Data section:
##############################

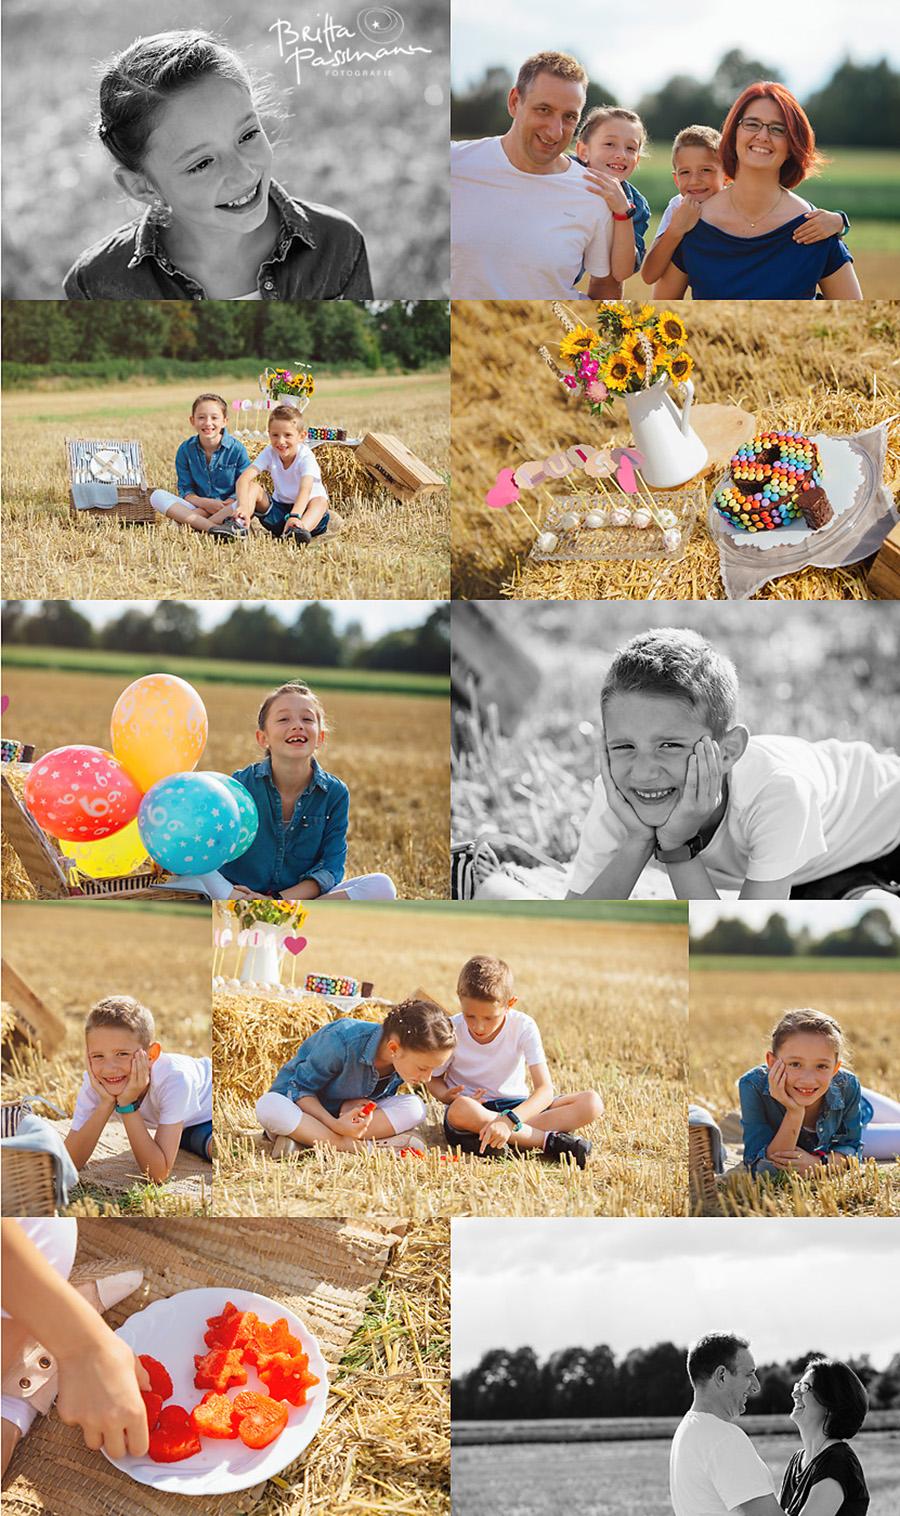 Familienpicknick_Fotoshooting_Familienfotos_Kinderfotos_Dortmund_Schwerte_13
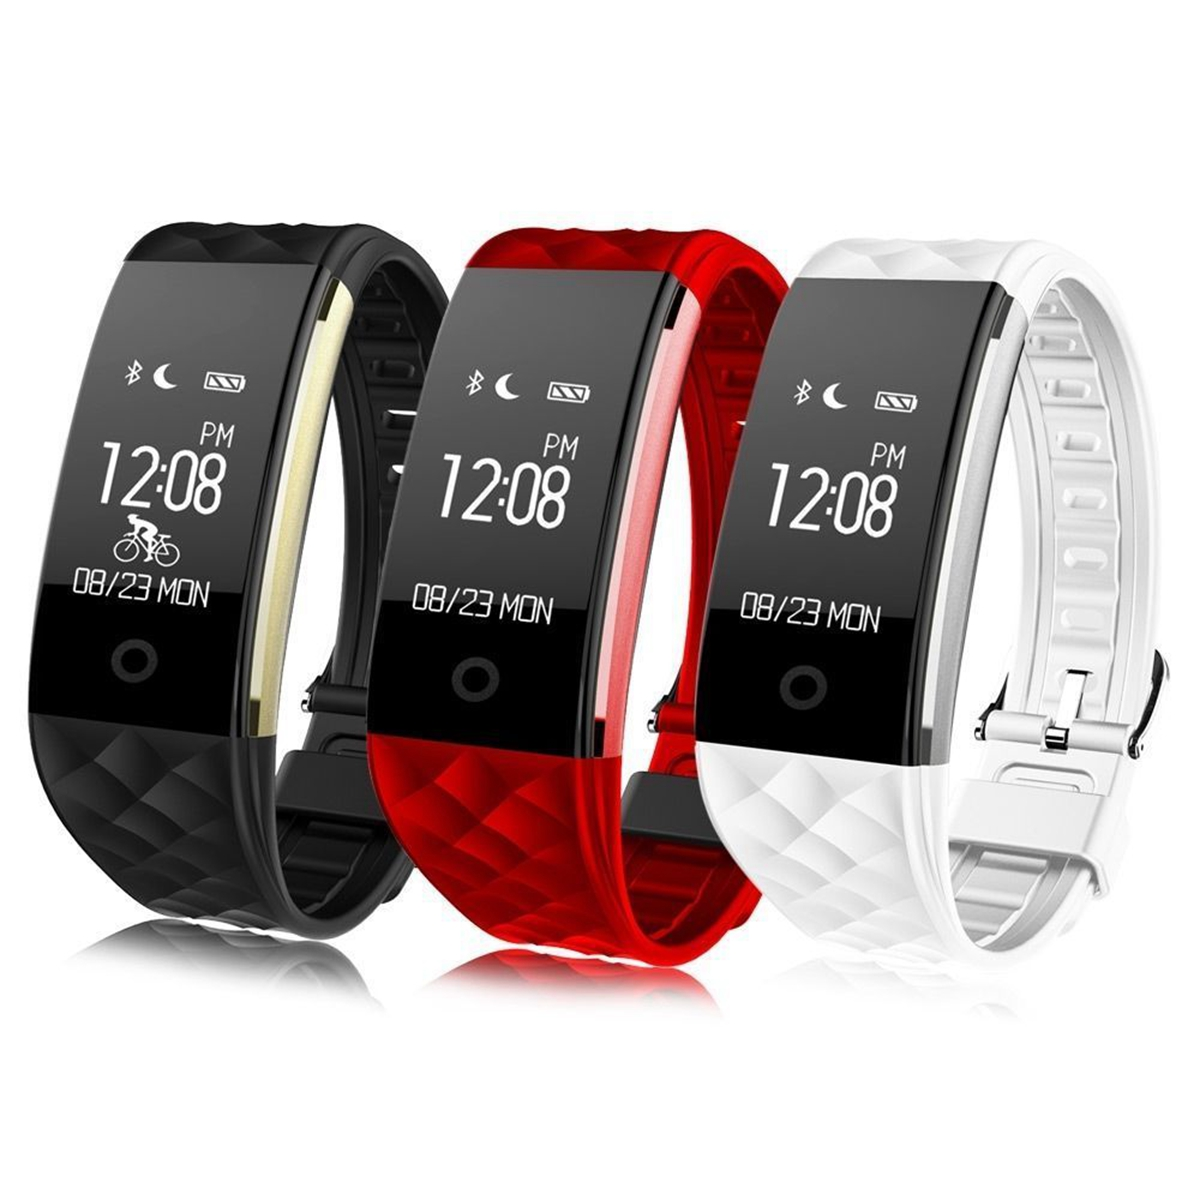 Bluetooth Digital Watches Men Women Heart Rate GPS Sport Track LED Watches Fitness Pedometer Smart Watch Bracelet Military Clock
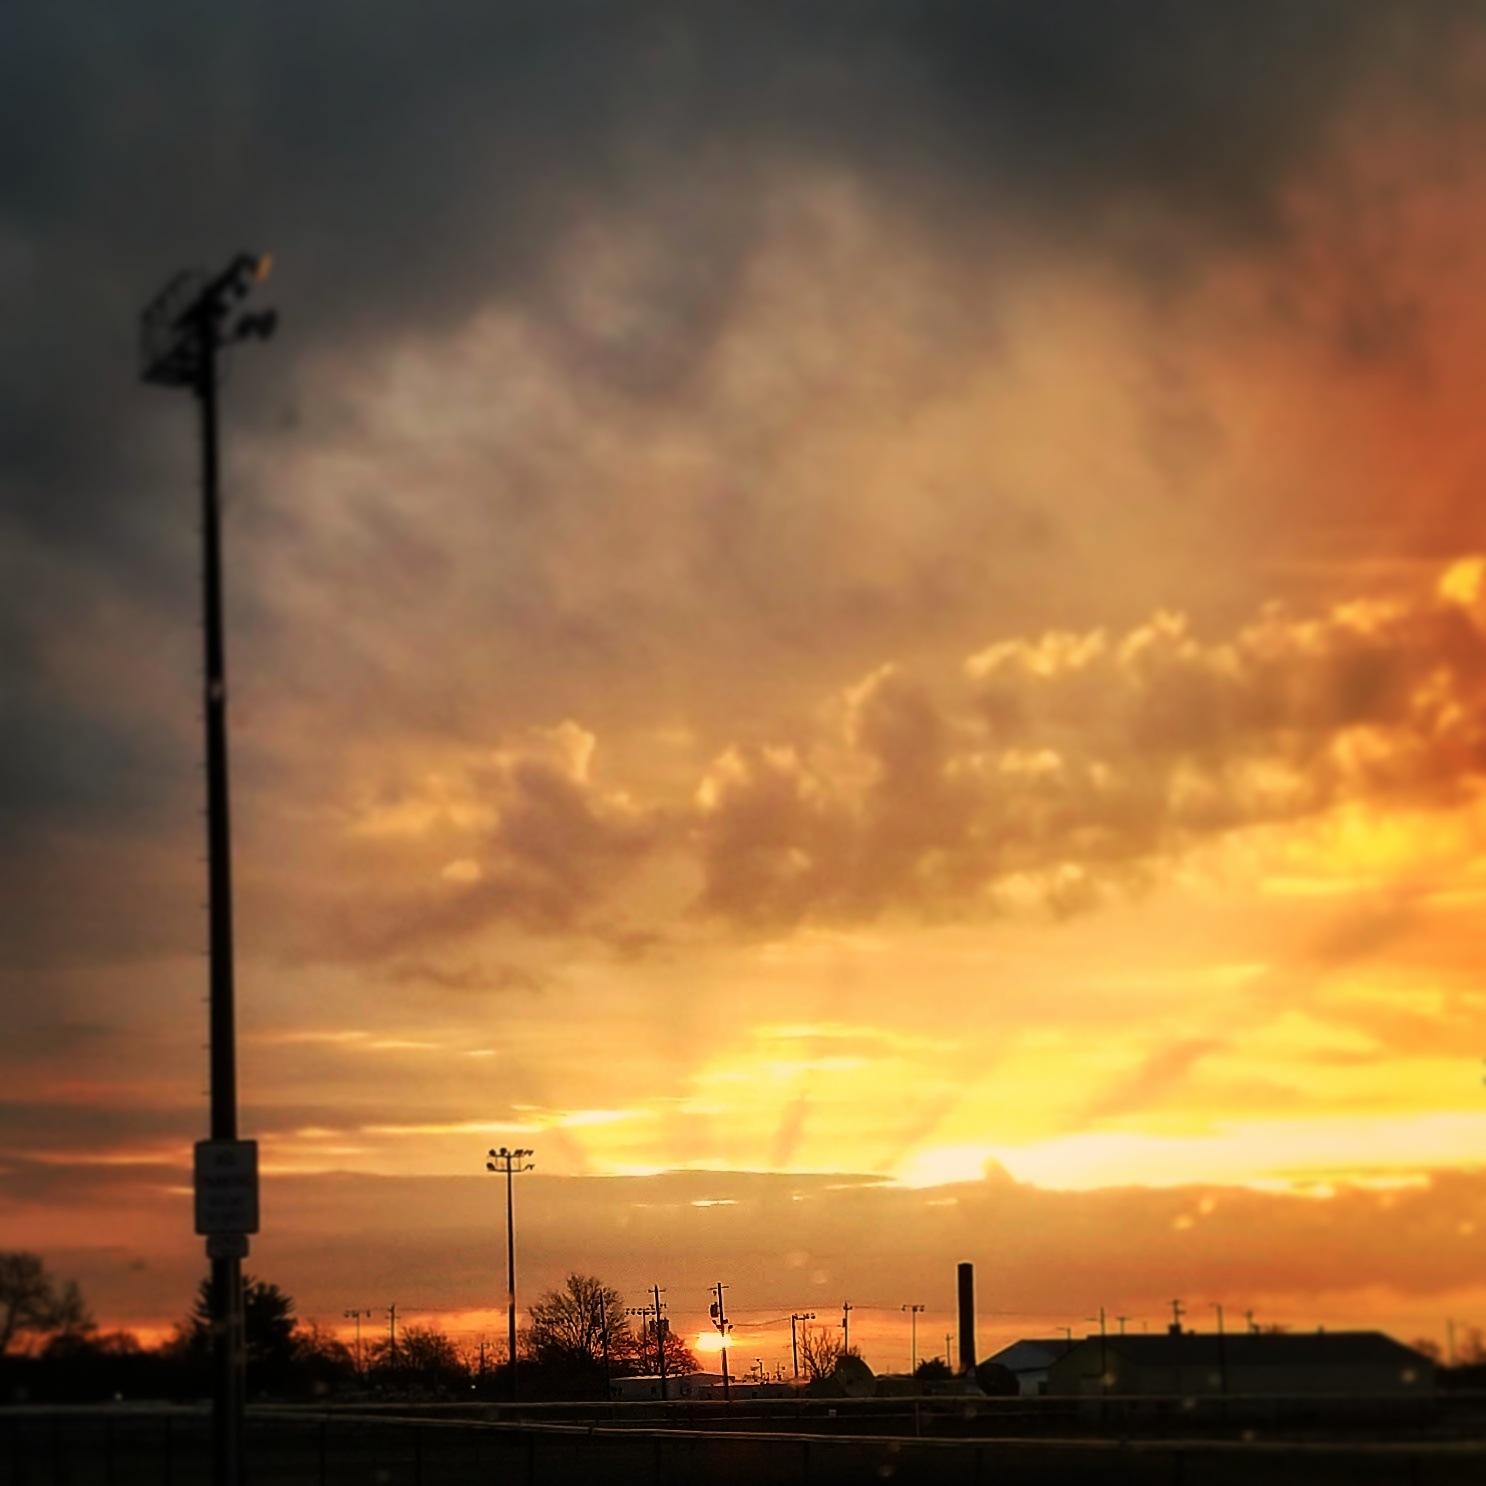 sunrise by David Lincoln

##############################

Aim of the task:
Do not include the images; transcribe the rest of the listing exactly.

Response below:
 Familienpicknick_Fotoshooting_Familienfotos_Kinderfotos_Dortmund_Schwerte_13
 Bluetooth Digital Watches Men Women Heart Rate GPS Sport Track LED Watches Fitness Pedometer Smart Watch Bracelet Military Clock
 sunrise by David Lincoln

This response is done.